▸ **INPUT DATA**
────────────────────
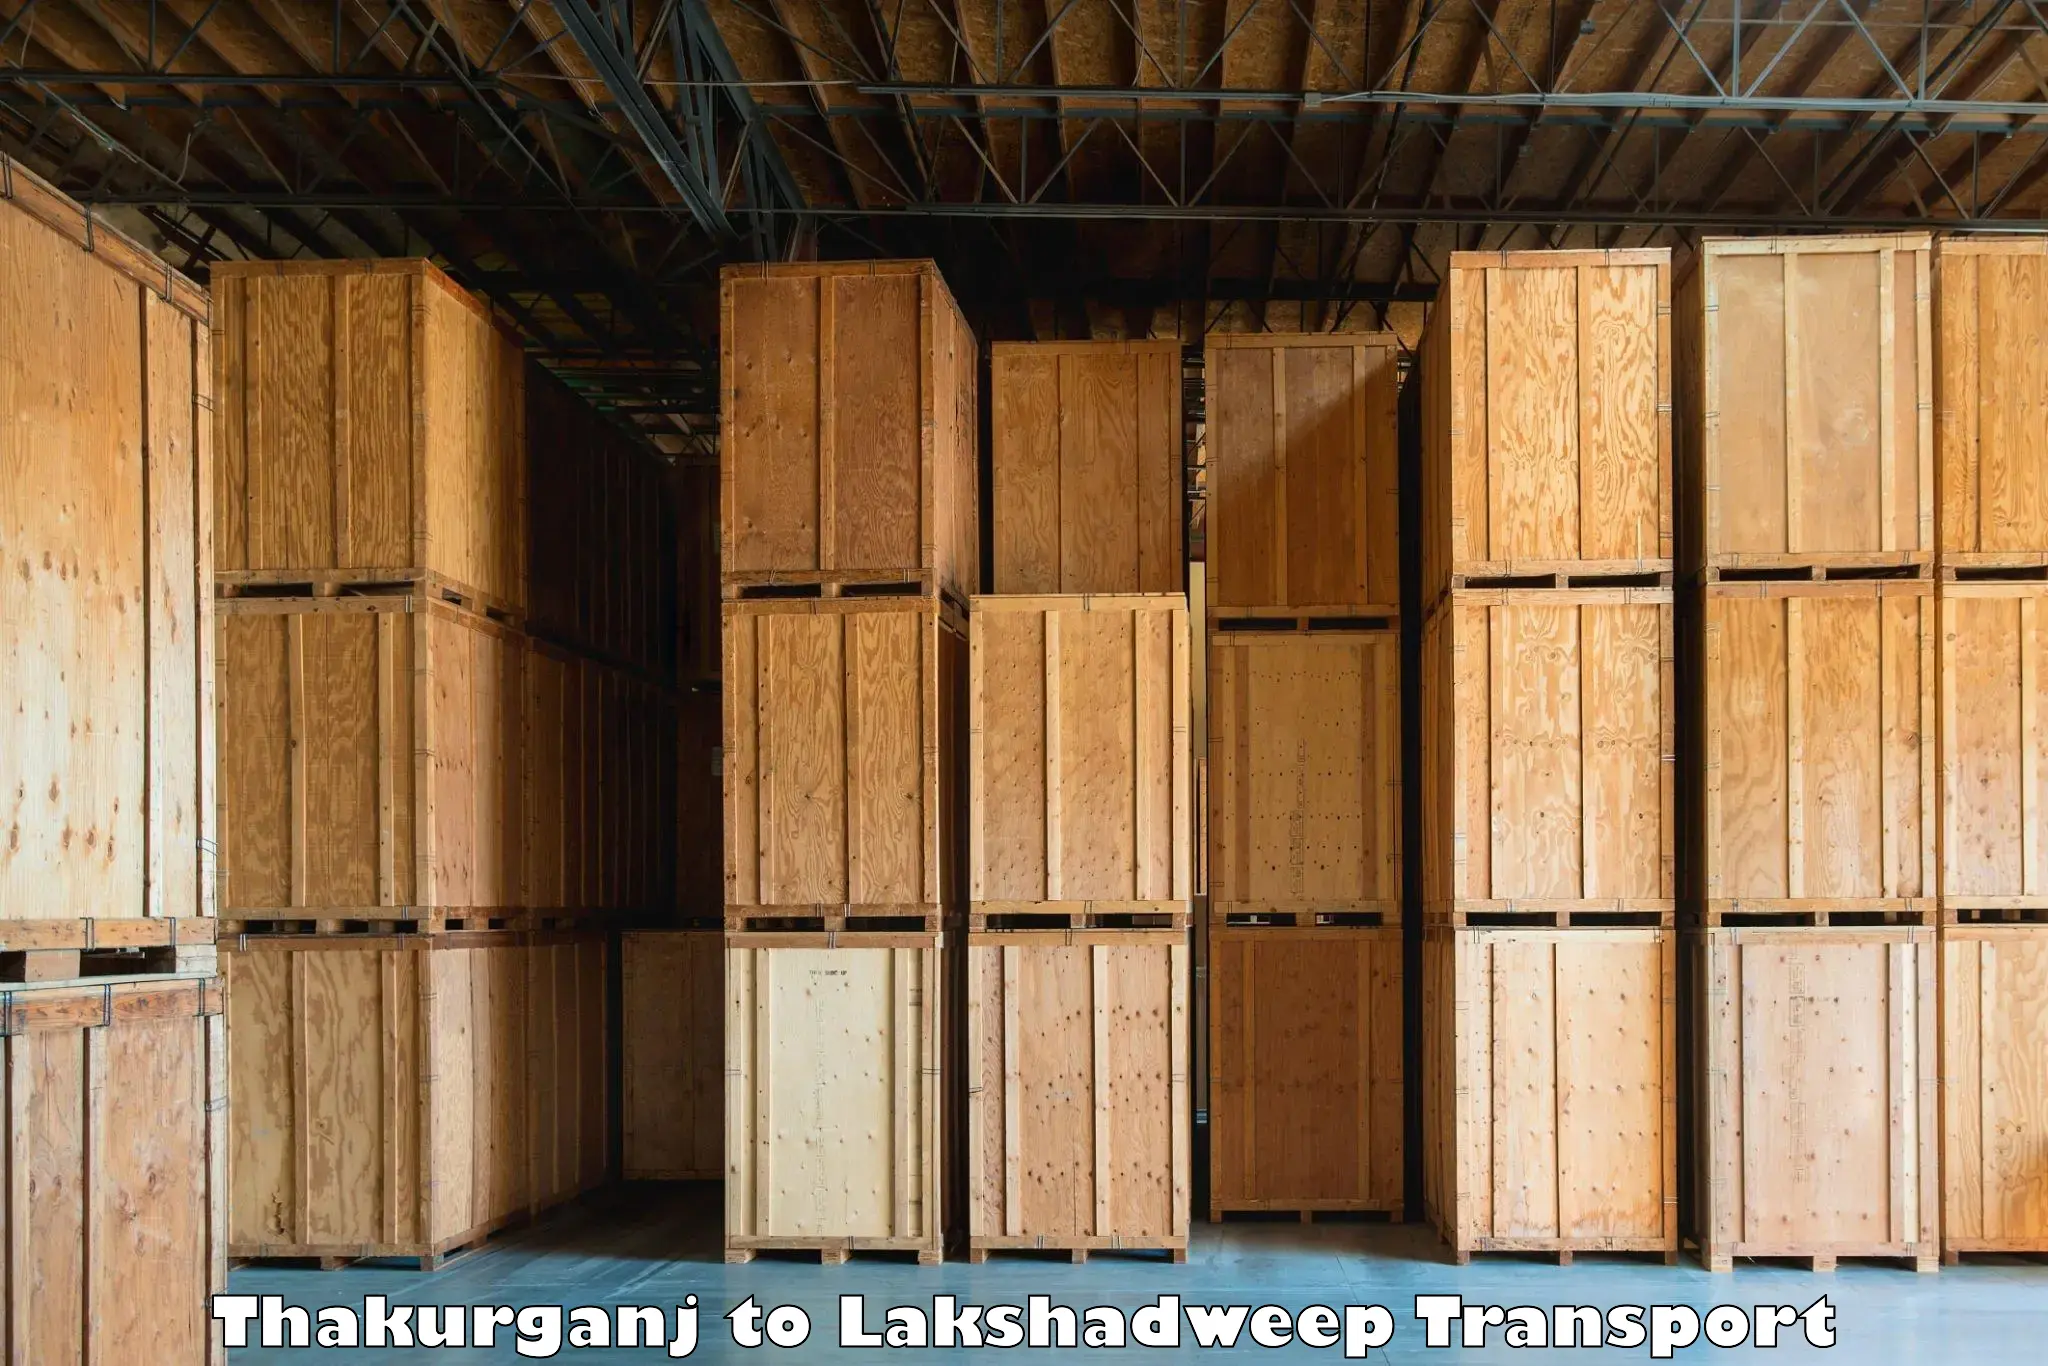 Transport shared services Thakurganj to Lakshadweep
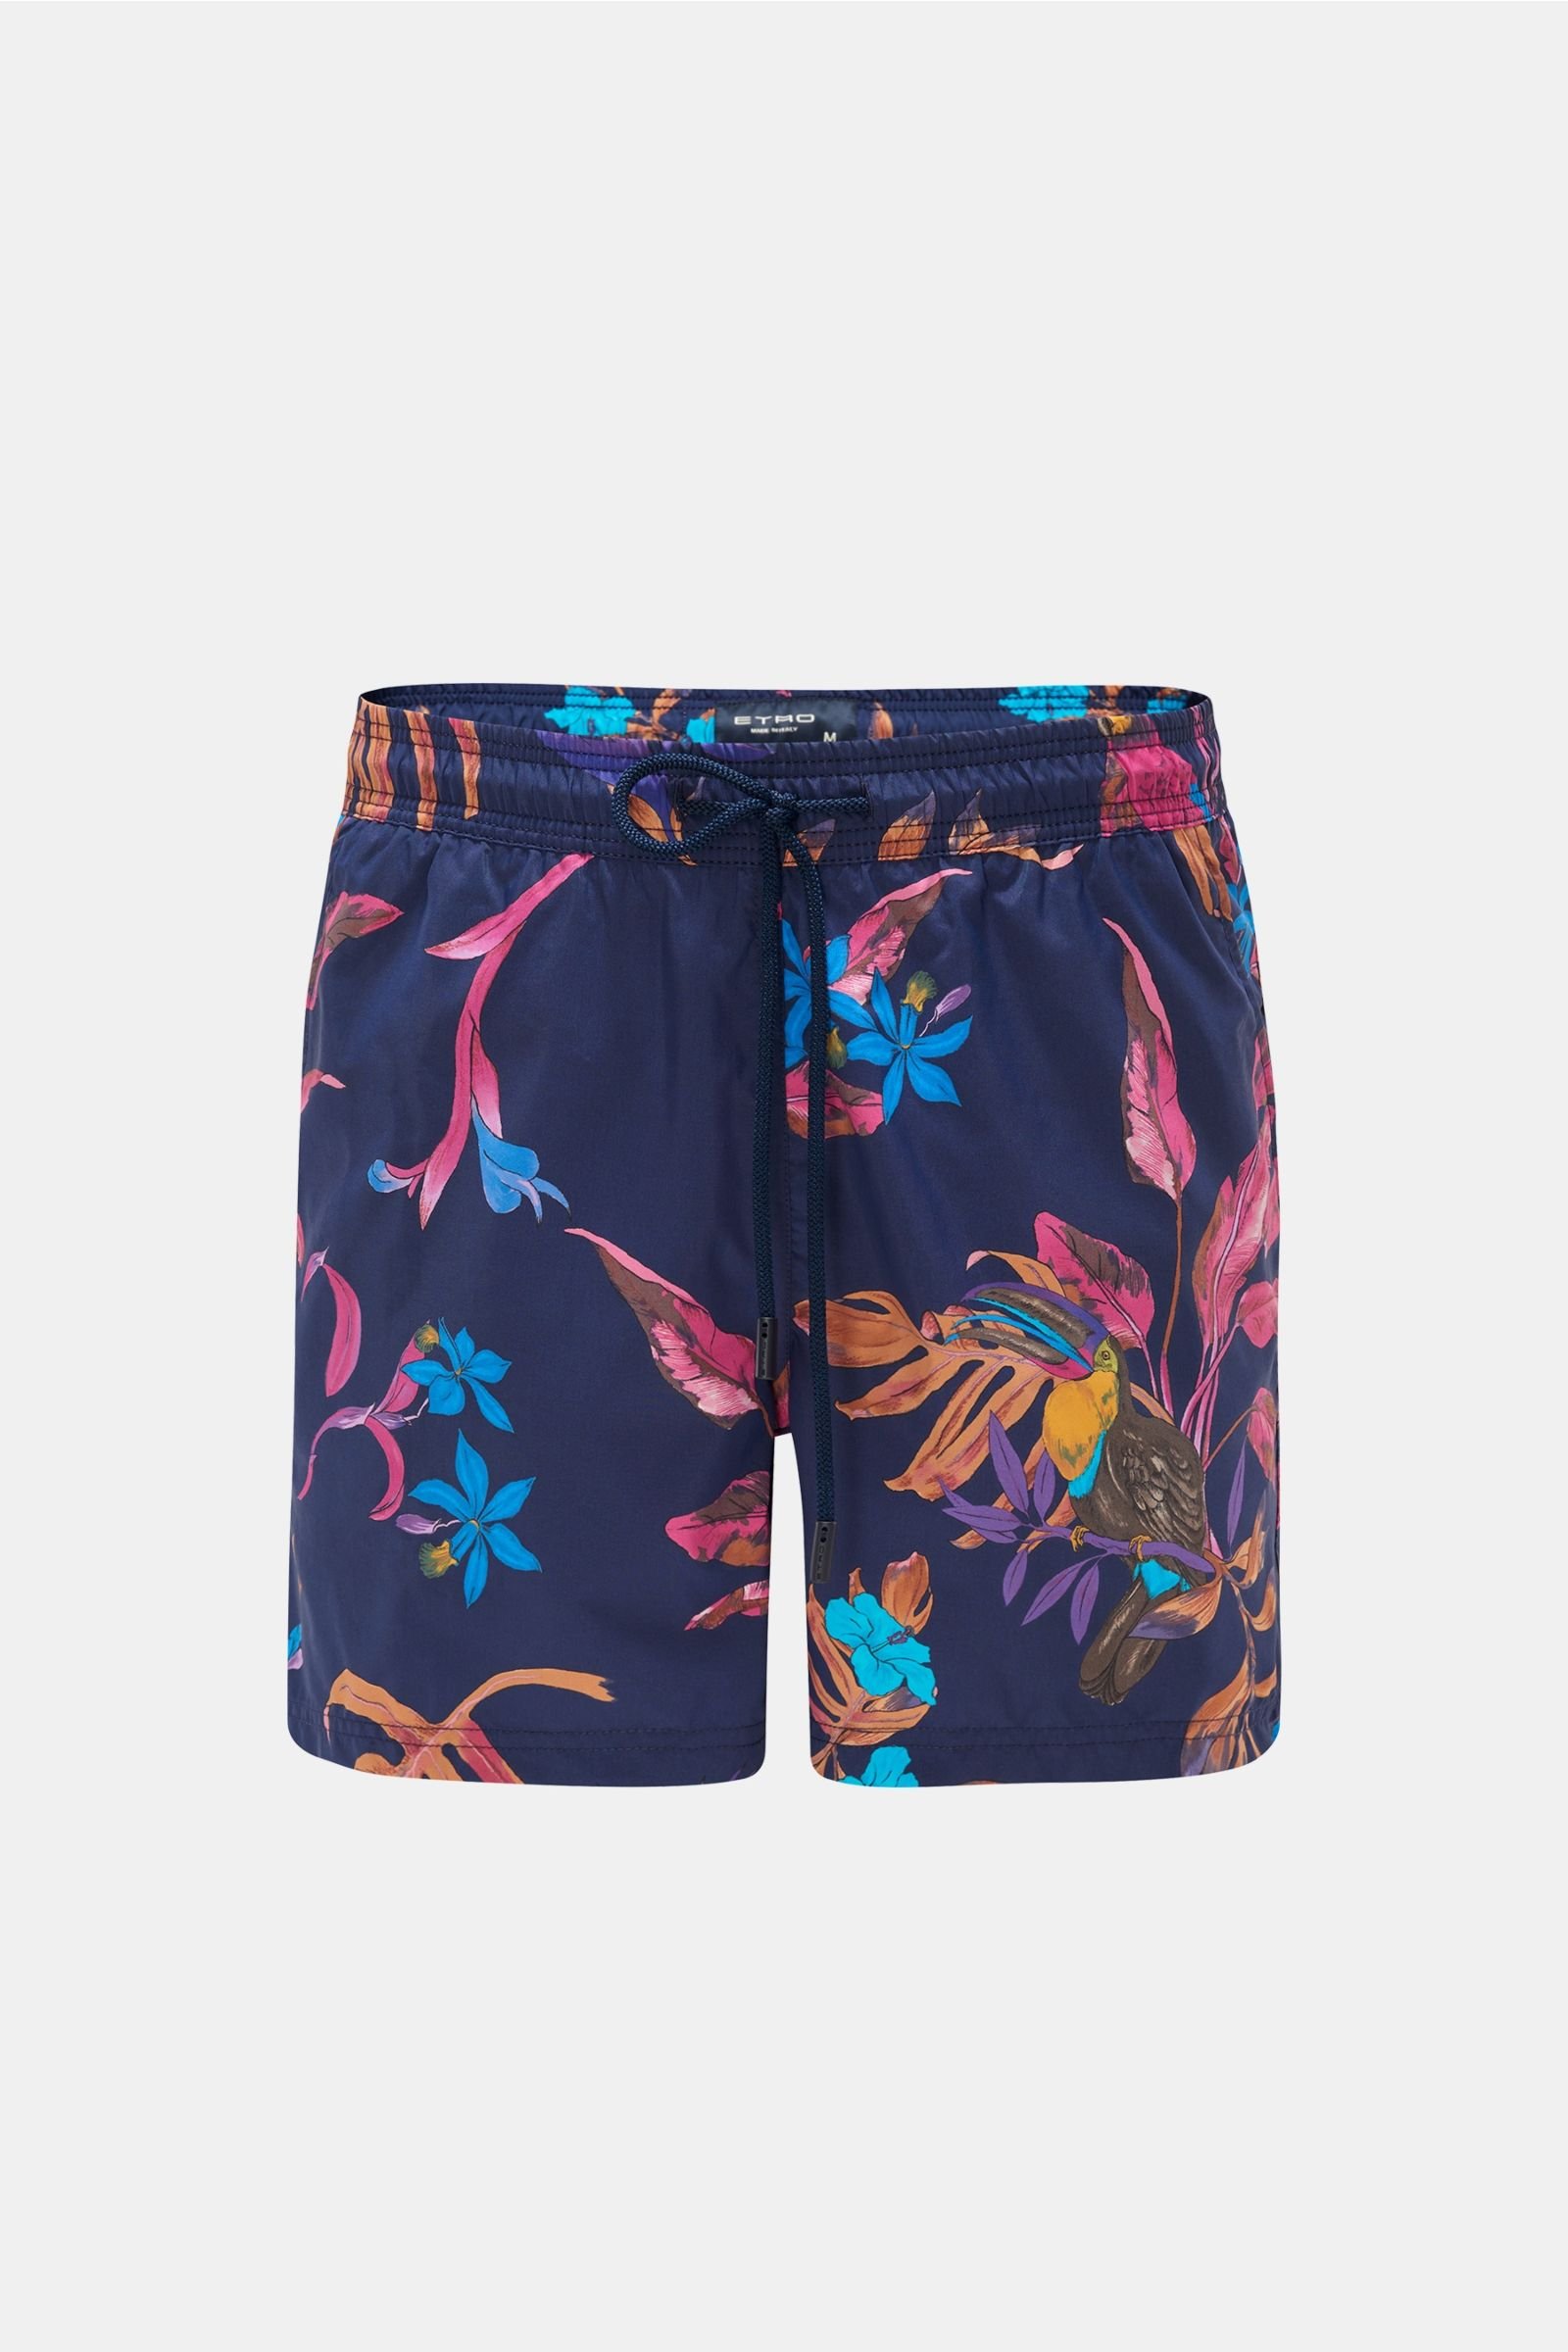 Swim shorts navy/magenta patterned
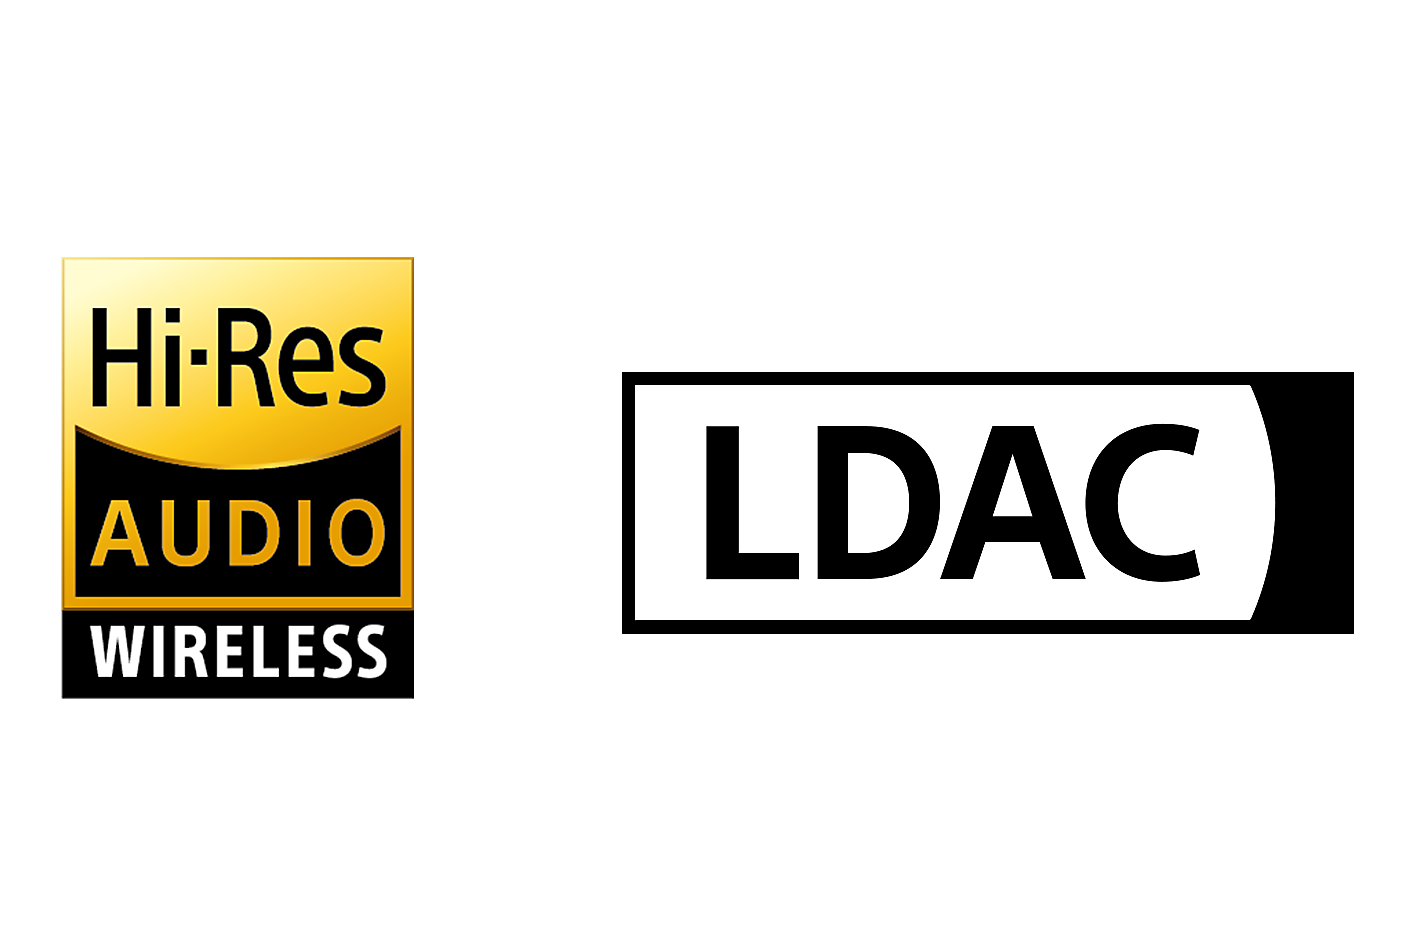 Logotipos de sonido de alta resolución inalámbrico y LDAC
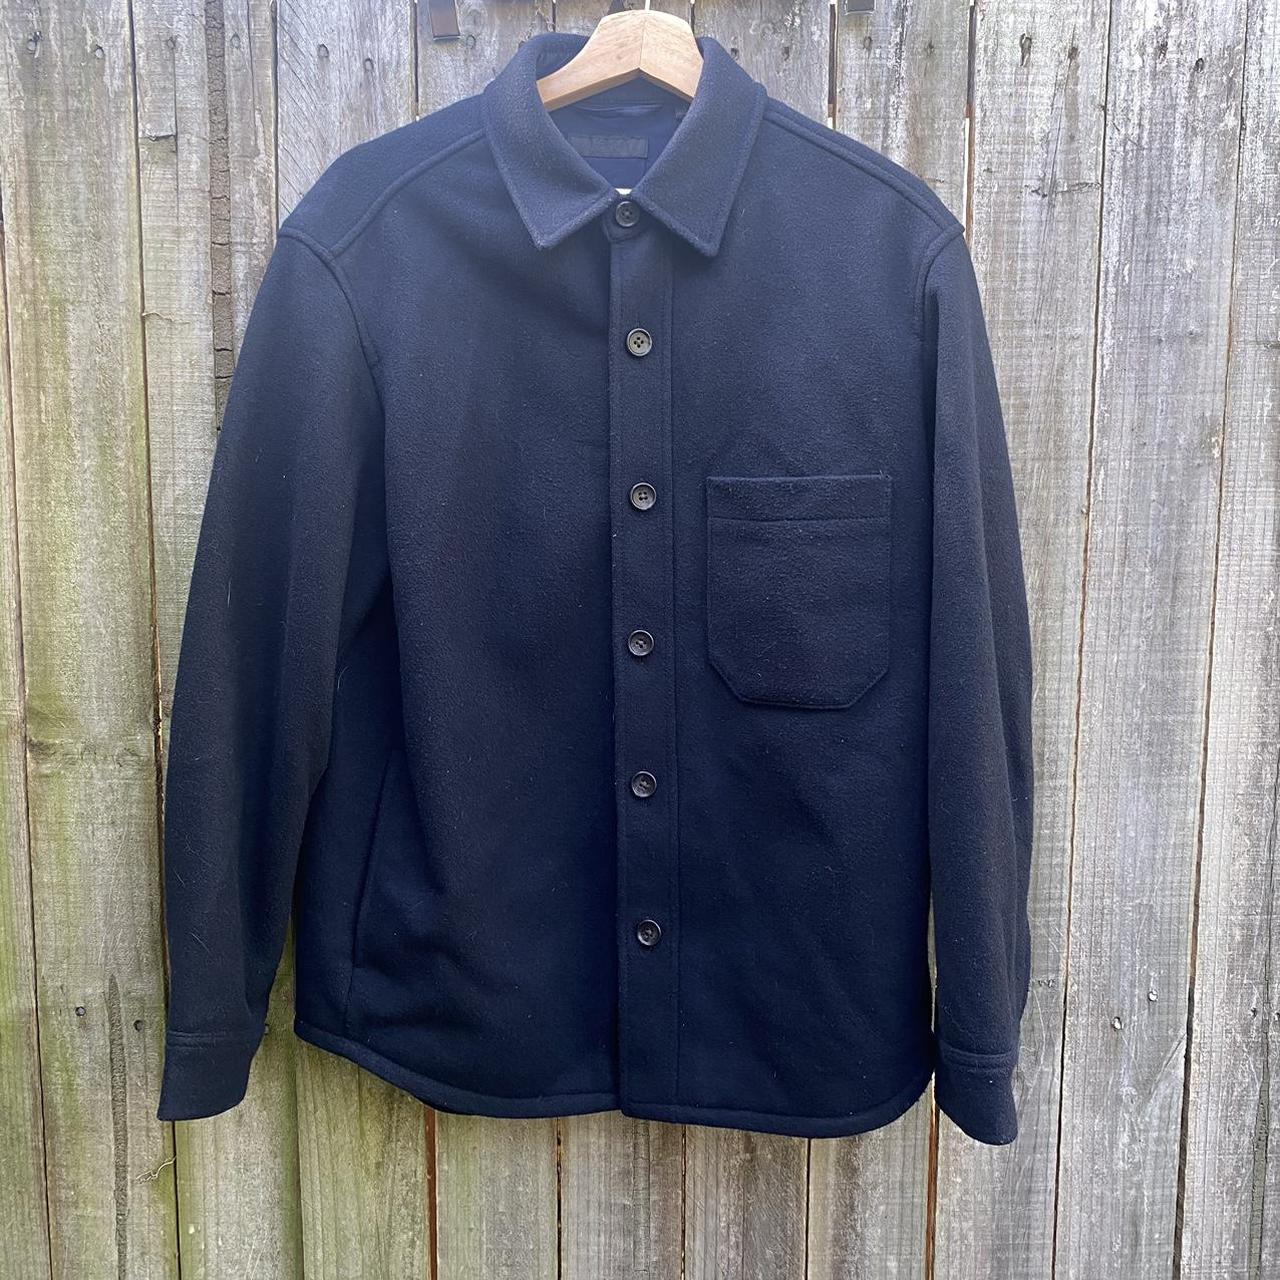 Uniqlo navy men’s shirt jacket or ‘shacket’ size... - Depop
────────────────────
▸ **ASSIGNED TASK**
Across the whole listing, reproduce each line verbatim and exclude every picture.

▸ **WRITTEN REPLY**
 Transport shared services Thakurganj to Lakshadweep
 Swim shorts navy/magenta patterned
 Logotipos de sonido de alta resolución inalámbrico y LDAC
 Uniqlo navy men’s shirt jacket or ‘shacket’ size... - Depop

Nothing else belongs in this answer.